It's similar when it can be identical. It simply looks like 2 authors
wrote 2 different code paths which is the case. Just huddle and code
it one way, I don't much care which.

>
> >
> >> In this case, the reason for adding helper function is to make it easier
> >> for calling it from tdx.h.
> >>>
> >>>> diff --git a/arch/x86/include/asm/io.h b/arch/x86/include/asm/io.h
> >>>> index ef7a686a55a9..daa75c8eef5d 100644
> >>>> --- a/arch/x86/include/asm/io.h
> >>>> +++ b/arch/x86/include/asm/io.h
> >>>> @@ -40,6 +40,7 @@
> >>>>
> >>
> >> snip
> >>
> >>>> +
> >>>> +/* Helper function for converting {b,w,l} to byte size */
> >>>> +static inline int tdx_get_iosize(char *str)
> >>>> +{
> >>>> +       if (str[0] == 'w')
> >>>> +               return 2;
> >>>> +       else if (str[0] == 'l')
> >>>> +               return 4;
> >>>> +
> >>>> +       return 1;
> >>>> +}
> >>>
> >>> This seems like an unnecessary novelty. The BUILDIO() macro in
> >>> arch/x86/include/asm/io.h takes a type argument, why can't the size be
> >>> explicitly specified rather than inferred from string parsing?
> >>
> >> I don't want to make changes to generic macros in io.h if it can be
> >> avoided. It follows similar argument/type in all arch/* code.
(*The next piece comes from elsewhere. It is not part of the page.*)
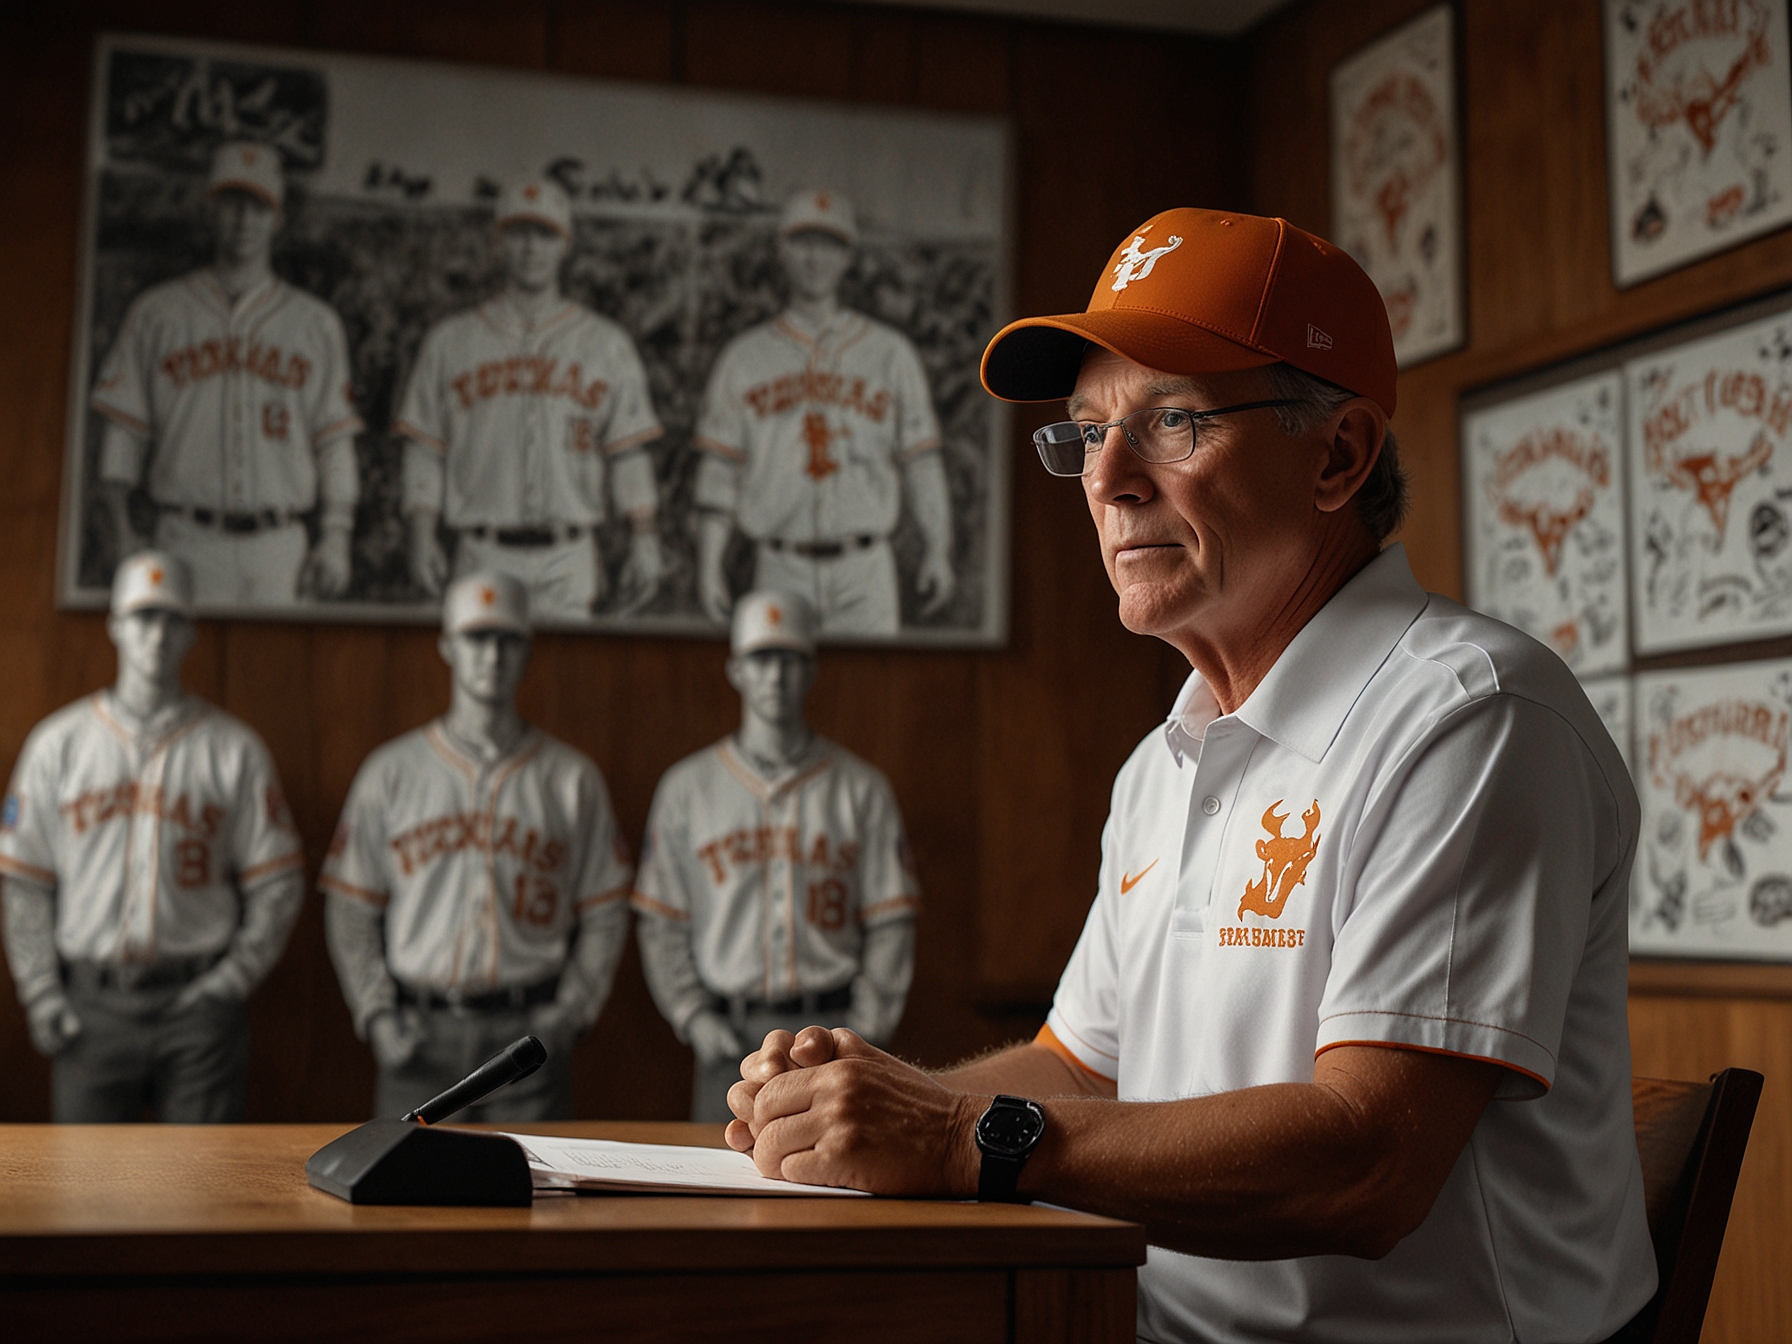 Jim Schlossnagle, in Texas baseball gear, addresses a press conference outlining his vision to transform Texas Longhorns into SEC competitors, emphasizing player development and tradition.

Also, it
> >> is easier to handle TDX as a special case here.
> >>
> >
> > What changes are you talking about to the generic macros? The BUILDIO
> > macro passes in a size parameter explicitly rather than inferring the
> > size from the string name of an argument. BUILDIO does not need to
> > change, it's backend just needs to do the right thing in the TDX case.
> >
> > Otherwise, "I don't want to" is not a sufficient justification for
> > avoiding needlessly new design patterns.
>
> I hope this is what you meant?
>
> --- a/arch/x86/include/asm/io.h
> +++ b/arch/x86/include/asm/io.h
> @@ -273,25 +273,25 @@ static inline bool sev_key_active(void) { return false; }
>   #endif /* CONFIG_AMD_MEM_ENCRYPT */
>
>   #ifndef __out
> -#define __out(bwl, bw)                                                 \
> +#define __out(bwl, bw, sz)                                             \
>          asm volatile("out" #bwl " %" #bw "0, %w1" : : "a"(value), "Nd"(port))
>   #endif
>
>   #ifndef __in
> -#define __in(bwl, bw)                                                  \
> +#define __in(bwl, bw, sz)                                              \
>          asm volatile("in" #bwl " %w1, %" #bw "0" : "=a"(value) : "Nd"(port))
>   #endif
>
>   #define BUILDIO(bwl, bw, type)                                         \
>   static inline void out##bwl(unsigned type value, int port)             \
>   {                                                                      \
> -       __out(bwl, bw);                                                 \
> +       __out(bwl, bw, sizeof(type));                                                   \
>   }                                                                      \
>                                                                          \
>   static inline unsigned type in##bwl(int port)                          \
>   {                                                                      \
>          unsigned type value;                                            \
> -       __in(bwl, bw);                                                  \
> +       __in(bwl, bw, sizeof(type));                                                    \
>          return value;                                                   \
>   }

Looks good.